What Is A Ventilator, Anyway?

As we all know, ventilators are in short supply in hospitals around the world—and patients who go into respiratory failure as a result of the coronavirus may not be able to get the help that they need to breathe.

The number of COVID-19 patients who require aggressive breathing assistance is still relatively small compared to the total number of infections, but the US and other countries are preparing to ration the machines, asking manufacturers to rush their production, and even creating makeshift ventilators out of scuba masks. Some hospitals are figuring out how to share a single ventilator between multiple patients.

So what is a ventilator, and how sick do you have to be to need one?

Ventilators 101

A healthy person can inhale oxygen and expel carbon dioxide at a normal rate to keep the body functioning. But a person with sick or damaged lungs cannot breathe in regular air fast or hard enough to support their body’s oxygen needs. A ventilator does this work by creating pressure to open the lungs, delivering oxygen to the lungs through a tube, and removing the carbon dioxide the lungs create.

When you breathe, your diaphragm and other muscles in your chest contract, which expands your chest and creates negative pressure to pull oxygen-rich air into the lungs. You exhale carbon dioxide when these muscles relax and your chest returns to its normal size. If your body can’t create that negative pressure on its own, a ventilator can be used to create positive pressure—pushing air in instead.

Mechanical ventilators used in critical care settings are large, complex devices that run on power and are connected to a central oxygen source. The bulk of the machine is a monitor with dials, displays, and settings options that can be adjusted to each patient’s breathing needs.

Inside the housing is a bellows that—like an Ambu bag you’ve seen paramedics use on TV—pushes oxygenated air through a series of tubes and into the lungs.

Before it reaches the patient, the air runs through a humidifier, which warms and moistens it. From there, the oxygenated air is pushed through a tube that delivers it to the lungs and removes the resulting carbon dioxide.

Patients on mechanical ventilation are generally intubated—meaning they have a tube inserted through their mouth and into their airway. Once an endotracheal tube is in place, the end balloons out to seal off the airway, which prevents any gas or fluid from leaking backward as air is pushed into the lungs.

Intubated patients are also at least mildly sedated for part or all of their time on mechanical ventilation. Beyond the discomfort of having a tube shoved down your throat, it can feel like you’re choking, suffocating, or drowning.

There are less invasive types of breathing assistance, such as oxygen delivered through a mask, but for a COVID-19 patient, supplemental oxygen may not be enough.

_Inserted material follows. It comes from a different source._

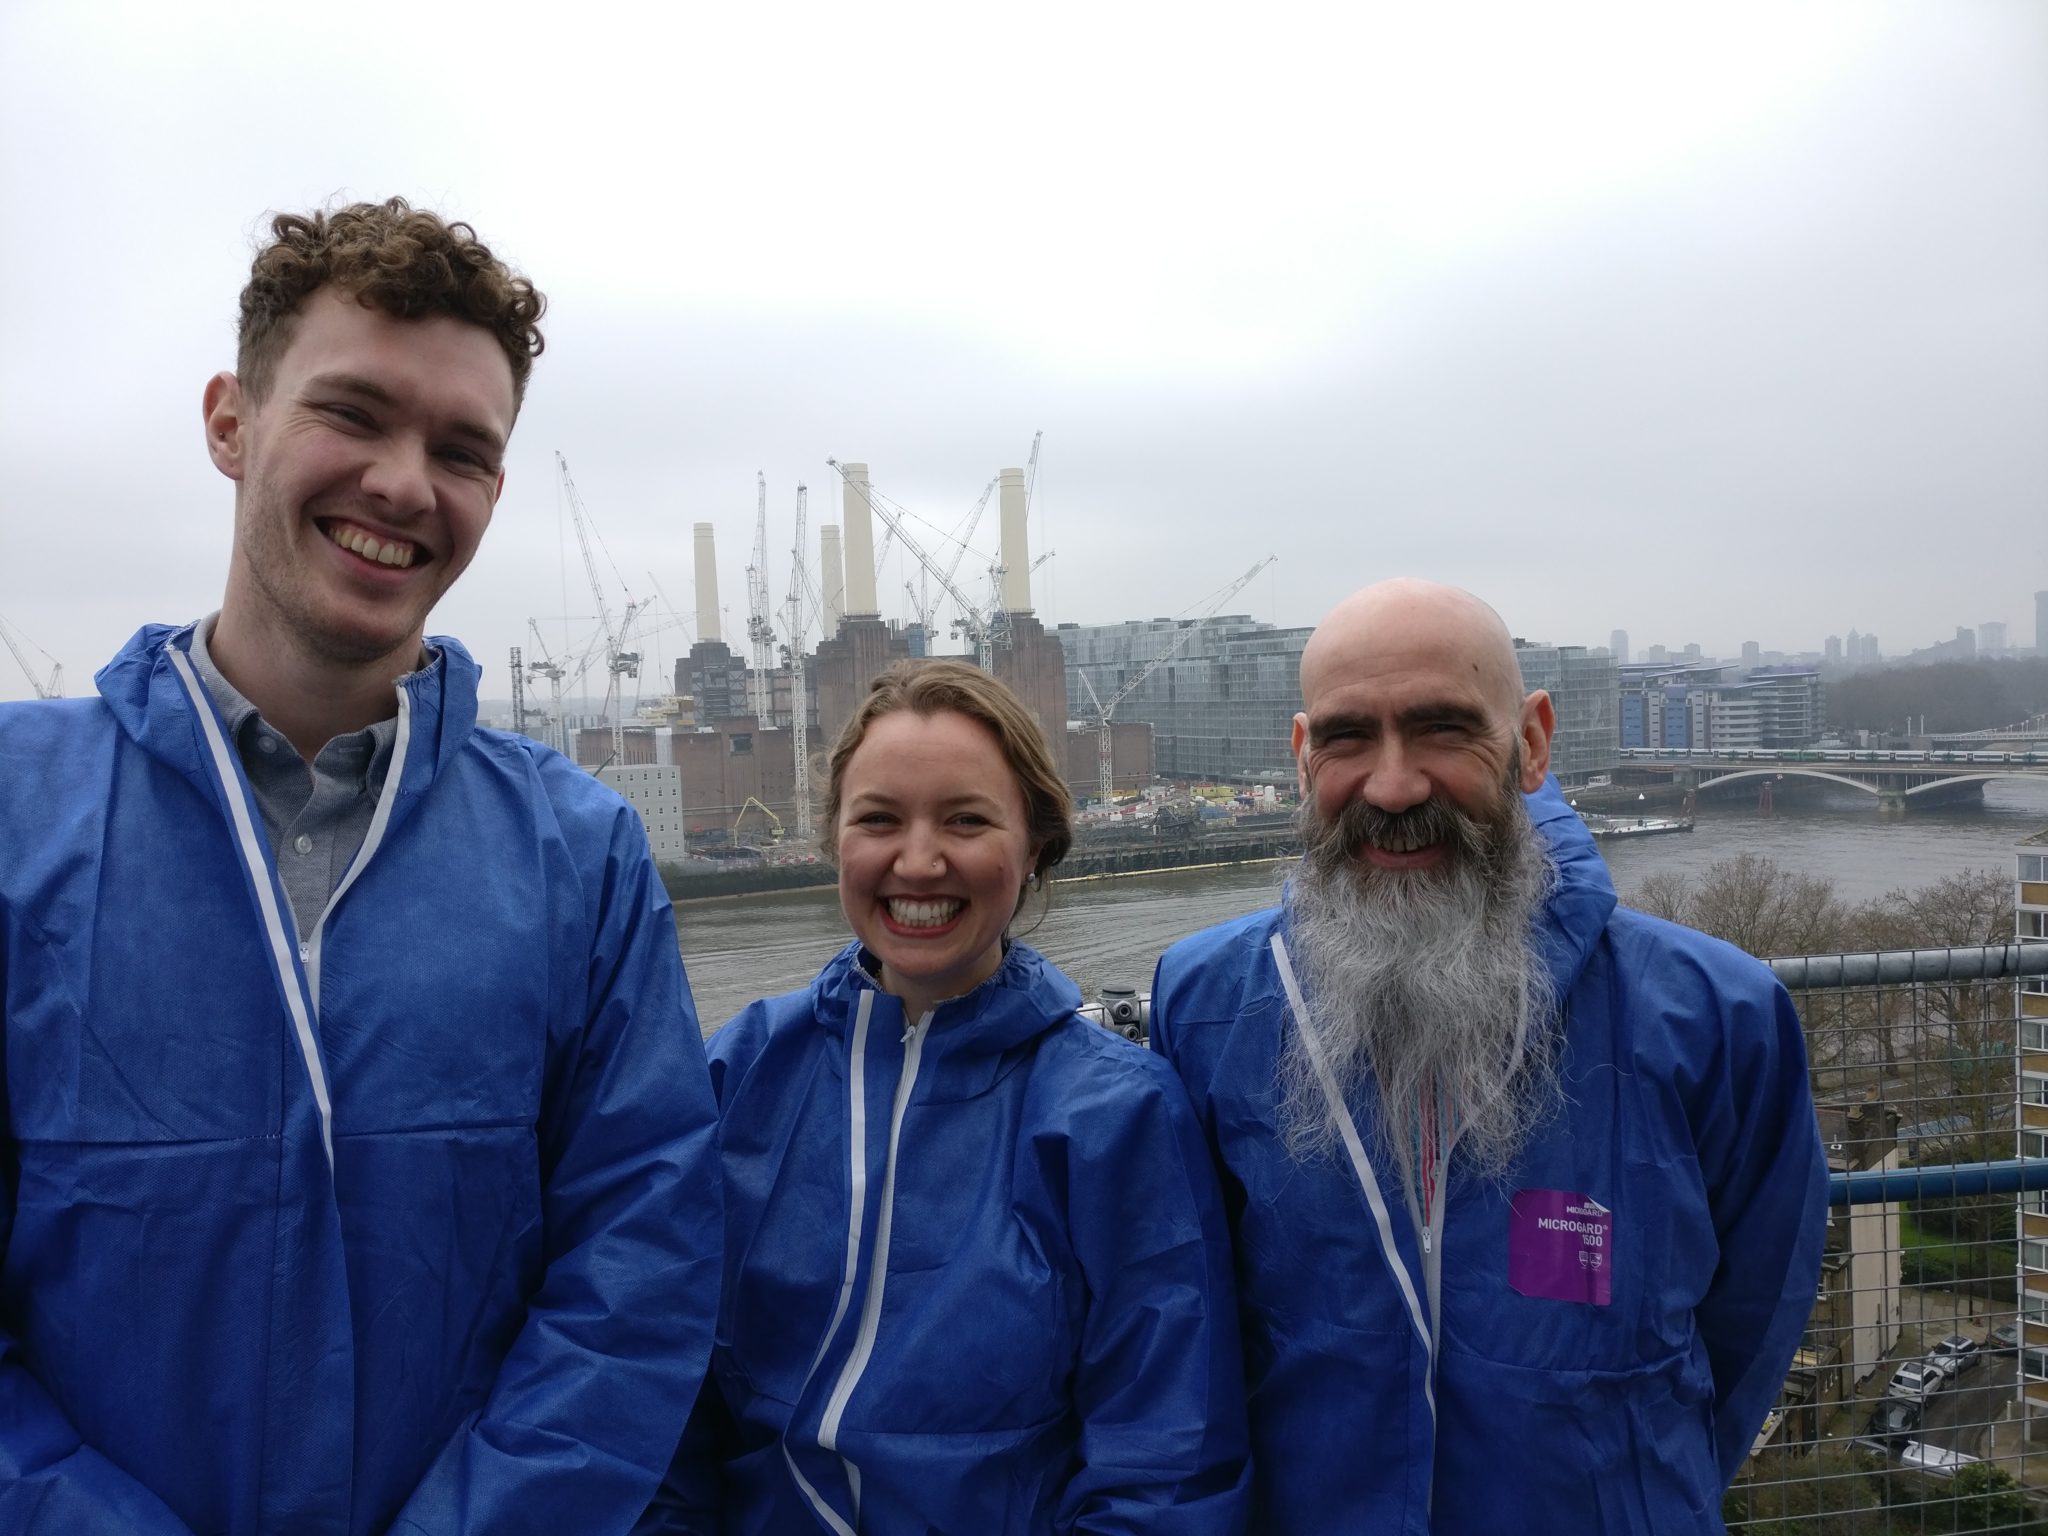 Members of the Energetik team standing on top of PDHU's accumulator tower with a view of Battersea Power Station in the background

COVID-19 affects the respiratory system, so people with preexisting lung conditions are already a half-step behind, said Dr. Brian Redmond, an anesthesiologist in Savannah, GA. Smokers, older adults, and patients with other respiratory problems have less efficient lungs and may be hit harder by breathing issues resulting from the virus.

Why the ventilator shortage?

When there’s not a global pandemic, there are still patients on ventilators. But many of those people require machines for only a few hours (during surgery, for example) or a few days, and then they’re passed on to the next patient. COVID-19 patients in respiratory failure often need mechanical ventilation for a week or more, so machines aren’t freed up at the same rate.

“The reason there’s a bottleneck is because there are too many sick patients, and when they go on they stay on a long time,” Redmond said.

Plus, a ventilator is not a set-it-and-forget-it device. It requires constant monitoring and frequent fine-tuning to balance the pressure, the volume, the oxygen percentage, and the breathing rate for each individual patient—which means that having lots of people on ventilators taxes the resources of already-busy hospitals, nurses, and doctors.

An additional hurdle with COVID-19 is that medical staff have to be dressed in personal protective equipment—gowns, masks, gloves, goggles—each time they interact with a patient. That means they can’t just walk in and turn a dial to adjust the machine, Redmond said. There’s also a risk of exposure to the virus during intubation.

There are risks to patients who stay on mechanical ventilation long-term as well, but Redmond says that’s not a leading concern for coronavirus.

“We’re just trying to get these people to survive,” he said.